A trademark is an element or sign that is used to distinguish your business or your products and services from a competitor. Common types of trademarks include business and product names, logos and slogans. Less common types of trademarks include sounds, scents, colours and shapes. For example, in Australia only one scent mark has ever been registered which was for a eucalyptus-scented golf T-shirt.
The registration of a trademark provides the owner with the exclusive right to use, license and sell the mark for the goods and services for which it is registered.
It is important to understand that the registration of a business name is not the same as the registration of a trademark.

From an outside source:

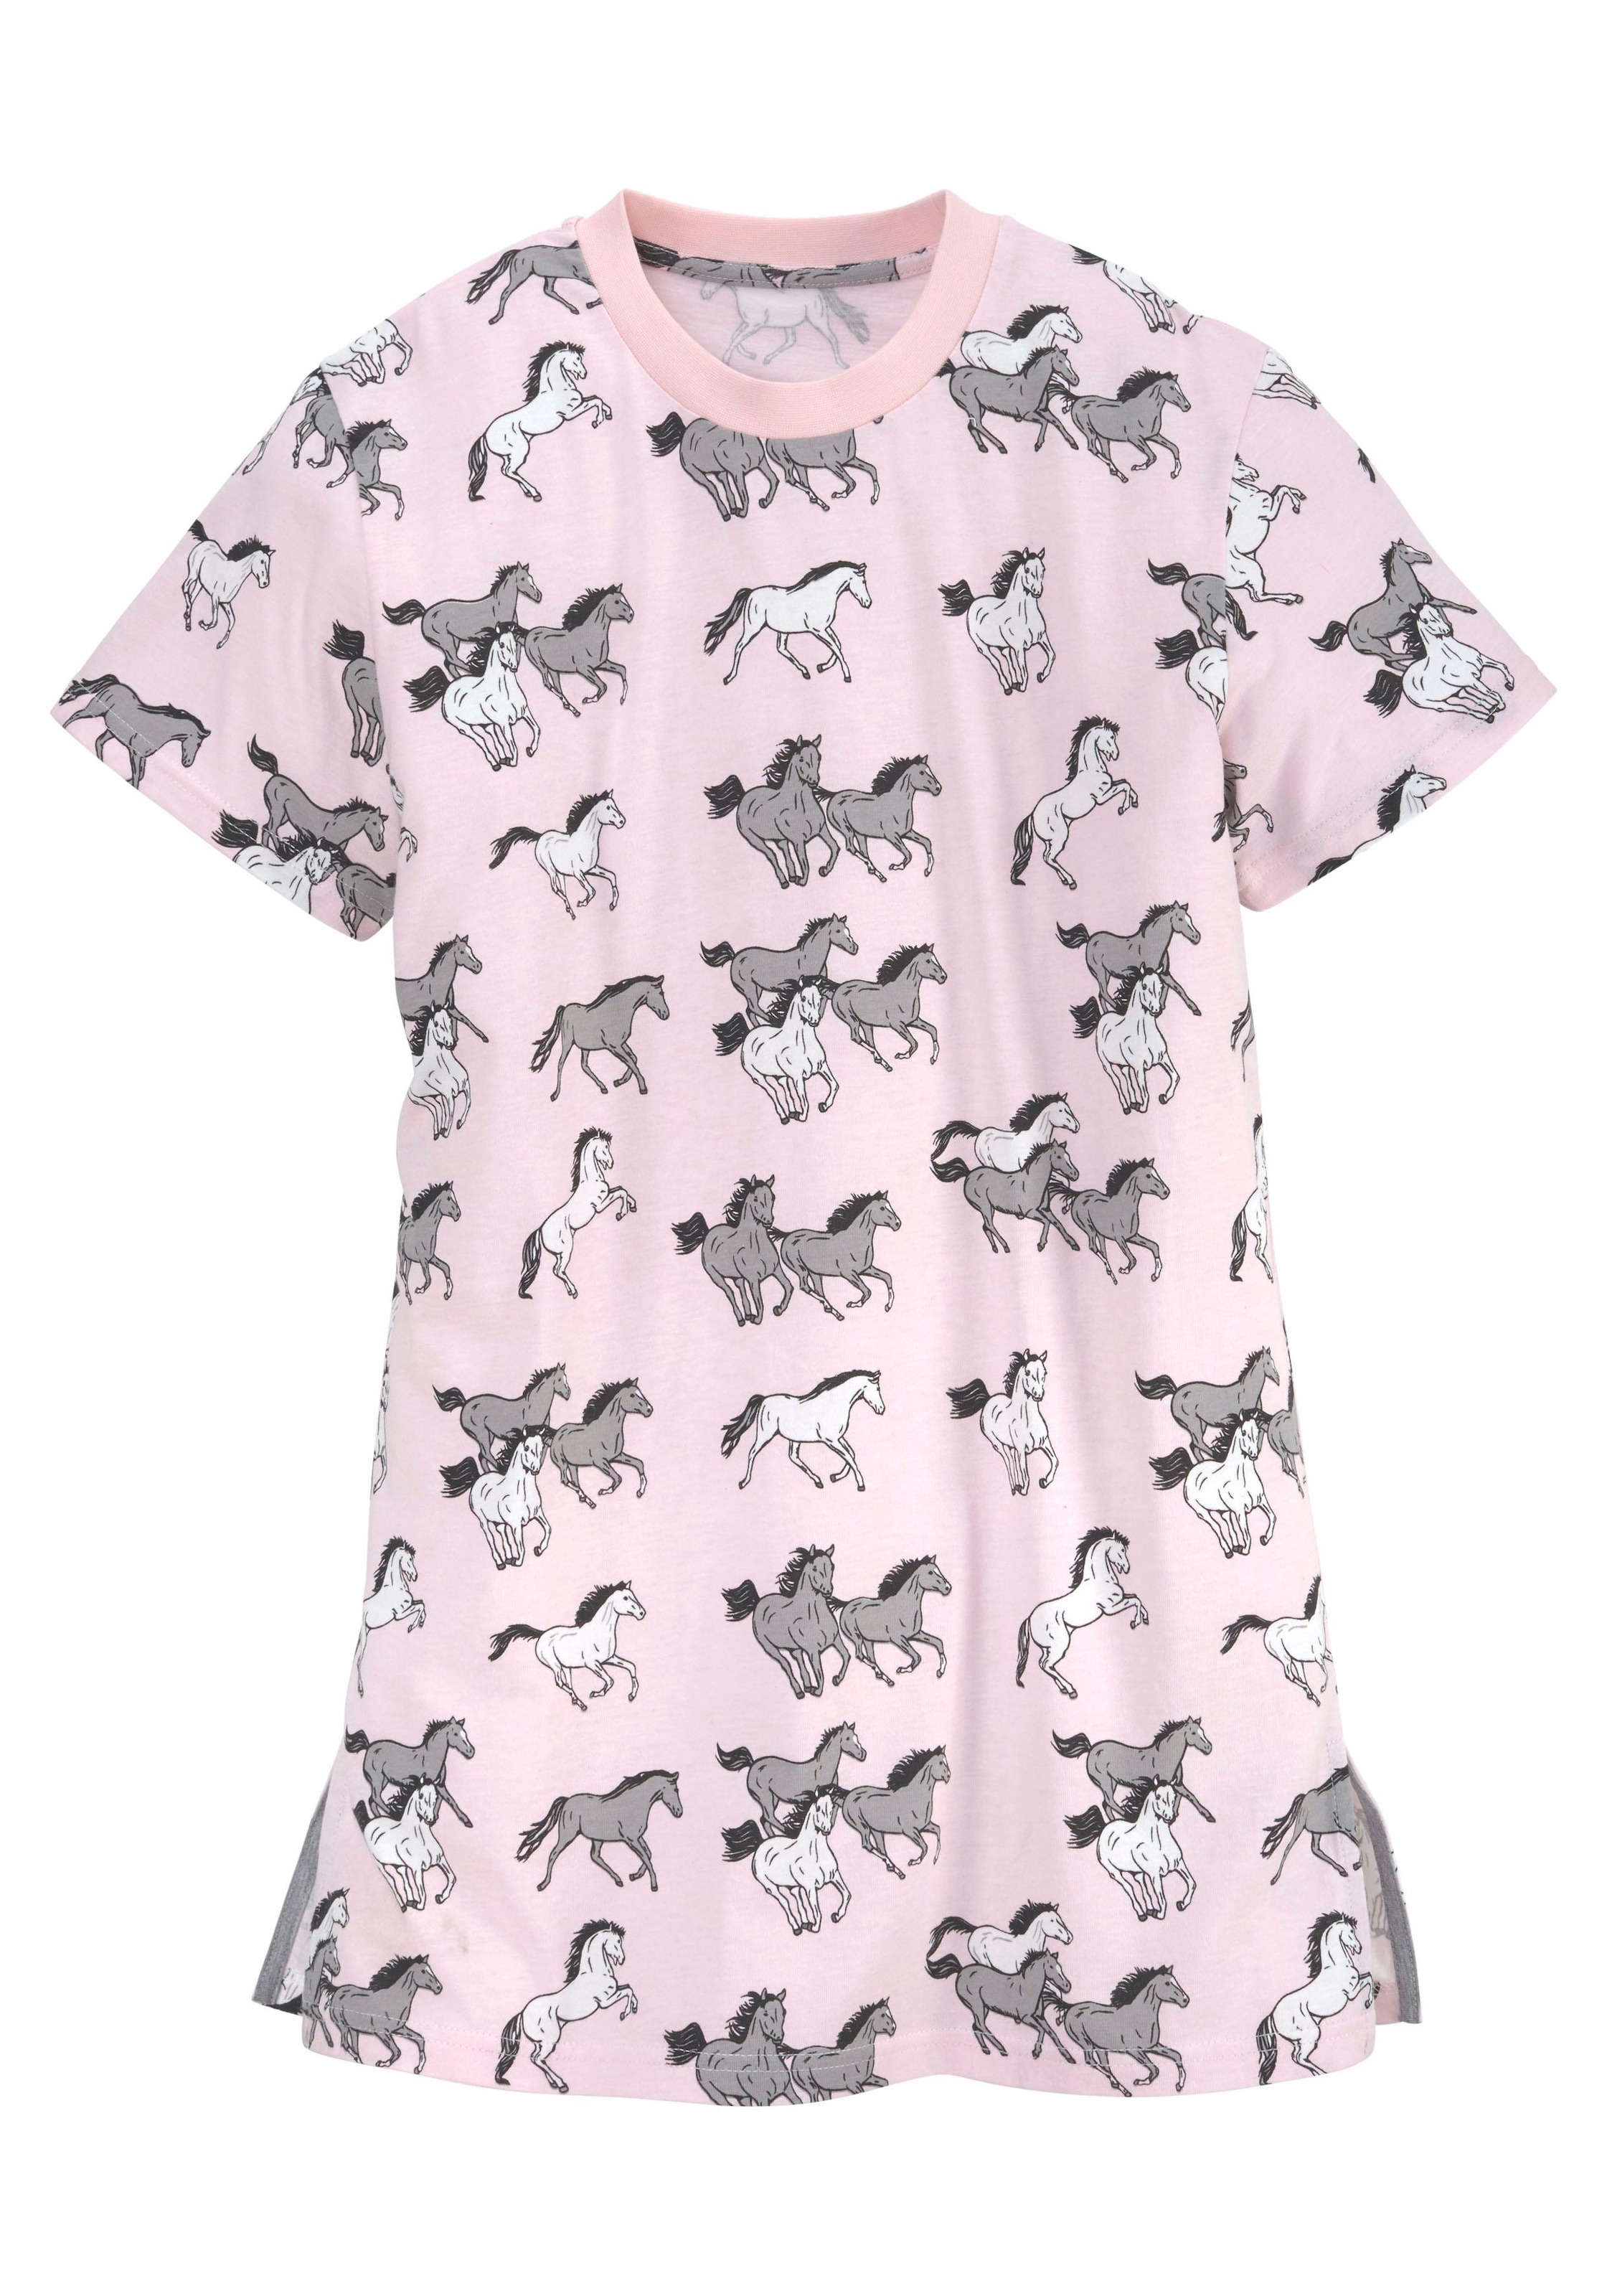 Trendige petite fleur Nachthemd, mit Mindestbestellwert kaufen ohne Pferde-Druck Allover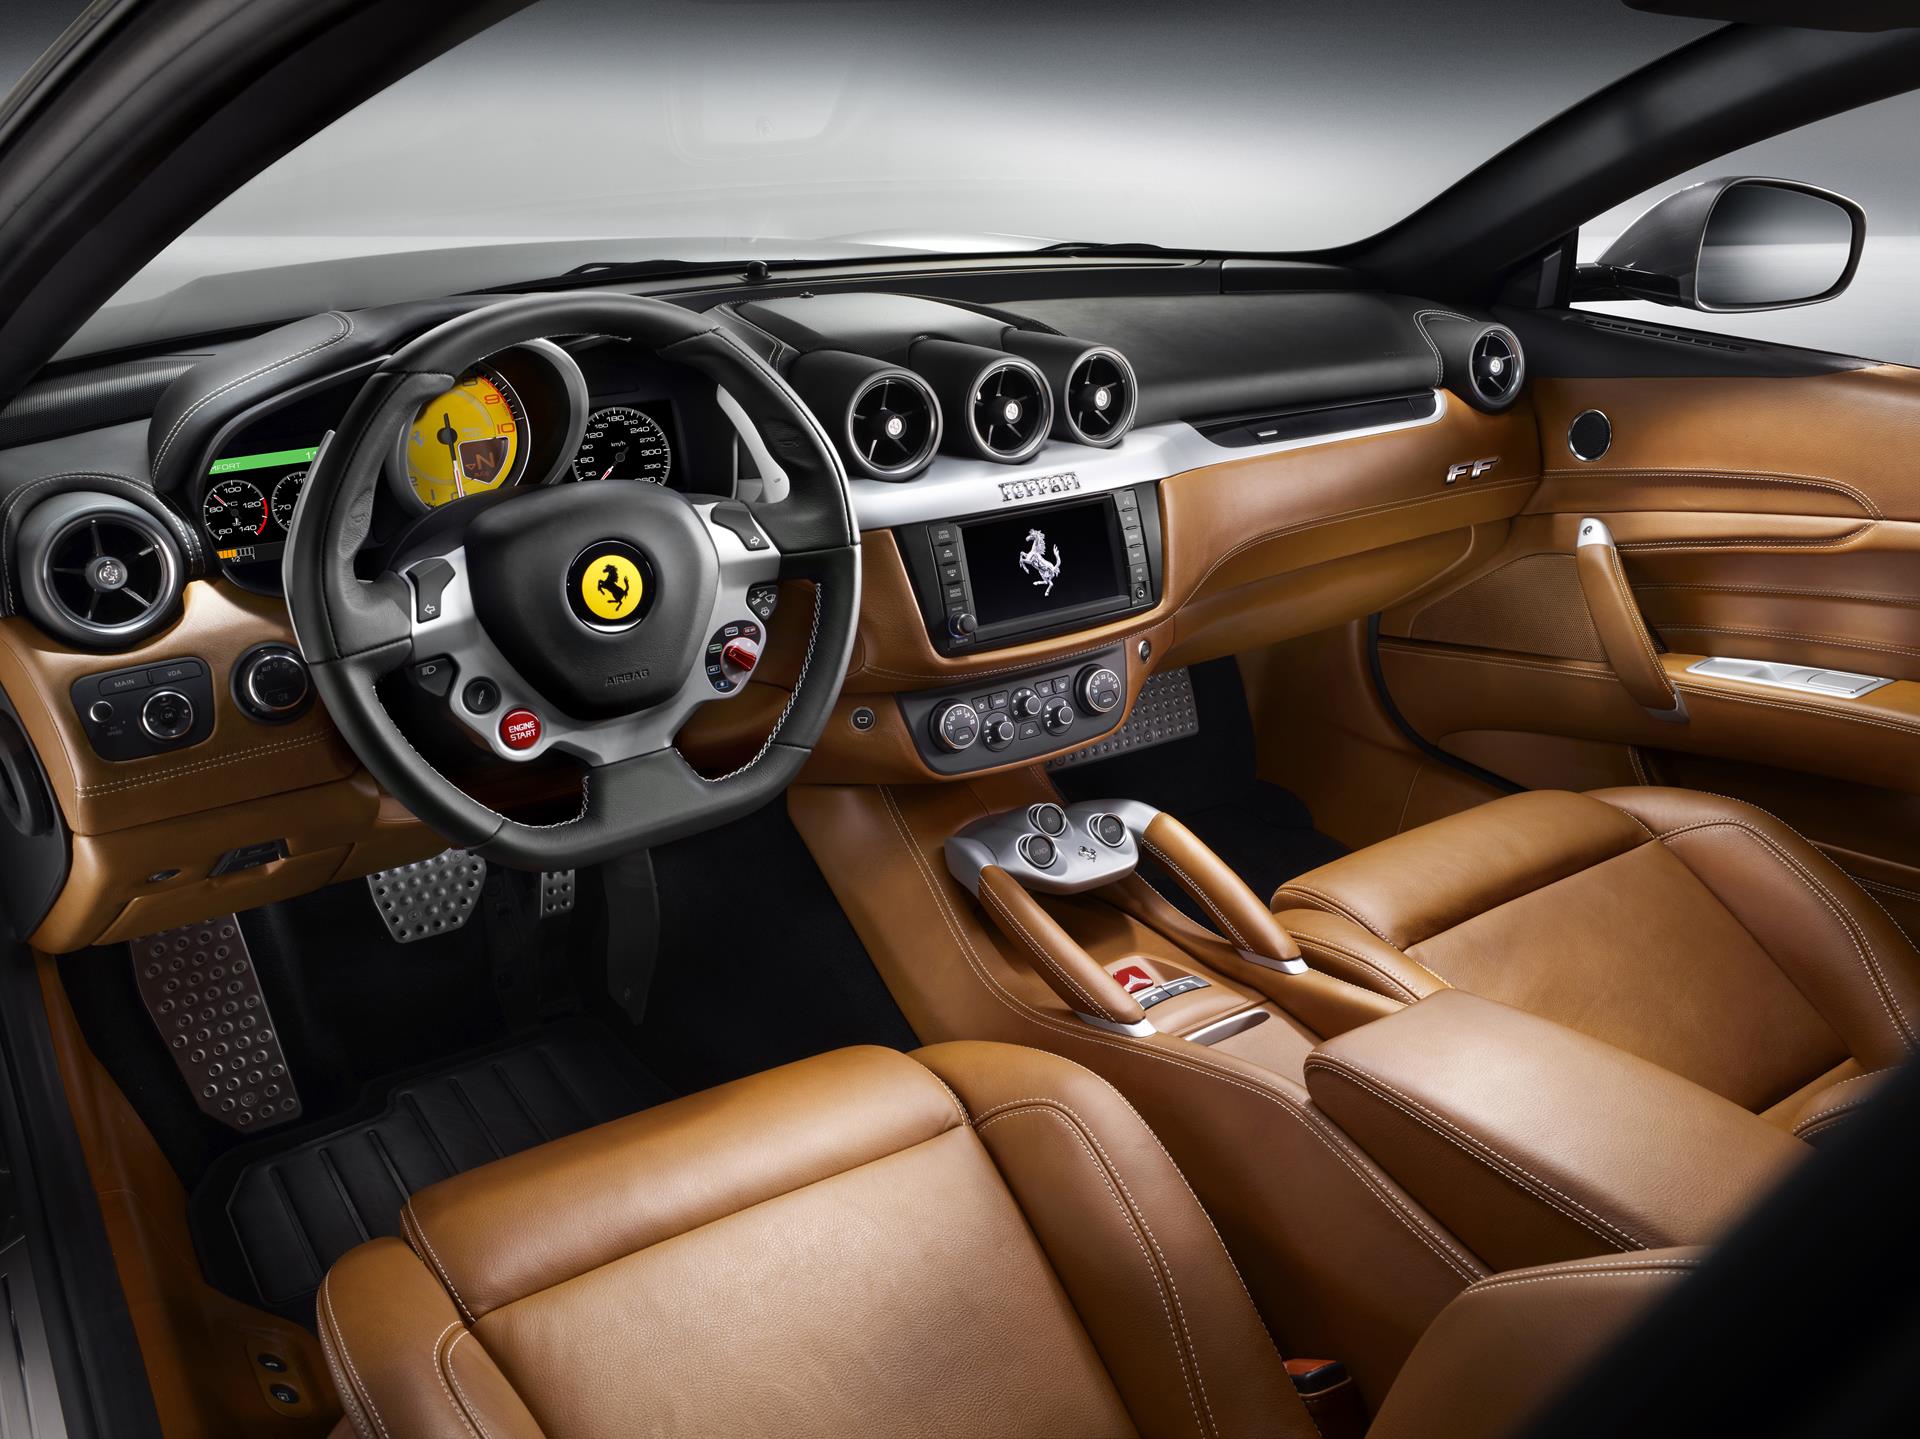 2016 Ferrari FF

The registration of a business name is compulsory and done through the Australia Securities and Investments Commission (ASIC). However, the business name registration does not give the owner any rights to stop others from using the same or similar business name. Even more so, you could register a business name under ASIC and still be at risk of infringing someone else’s trademark.
Before choosing a name for your business or product, it is therefore important to do a search on the trademark register. We are happy to assist you in this regard.
There are two ways to file trademark applications overseas:
- file an International Trademark application under the “Madrid Protocol”
- file a trademark application directly in the country of commercial interest
If you have filed an Australian trademark application and you wish to maintain the original filing date of this application (also referred to as “priority date”), the International or overseas application needs to be filed within 6 months of the original filing date. In this way, your International or overseas applications gets “back-dated” to your original filing date in Australia.
If your business is selling or promoting goods or services to an overseas market, it is important that your trademark – whether for your business name or for your goods and services – is protected. Failure to protect your trademark in an overseas market, may have significant consequences. You may, for example, be excluded from using your own business name or may face the risk of infringing a registered trademark.
Notably, even if a trademark is a direct copy of your registered Australian trademark, a third party can become the owner of the mark in another country, either by using the mark first in a first-to-use country or by filing an application first in a first to file country.
A prominent example for this is the “Burger King” trademark. Have you ever wondered why Burger King is called “Hungry Jack’s” in Australia? This is because the trademark “Burger King” was already taken by a small takeaway food shop in Adelaide, when Burger King Corporation was looking at expanding its business to Australia.
The Madrid Protocol is an International Treaty that allows trademark owners to register a trademark in any of the member countries by filing a single trademark application and paying only one consolidated set of fees.
The Madrid Protocol has currently 116 member countries, including the United States, the European Union, New Zealand and most of the ASEAN countries. Only two ASEAN countries have currently not joined, Malaysia and Myanmar. A list of current member countries can be found here.
Protecting your trademark overseas using the Madrid Protocol is typically simpler and cheaper than directly applying to each country. This is particularly true if you wish to protect your trademark in more than 2 countries. Another benefit of the Madrid Protocol is that you can add further member countries at a later date.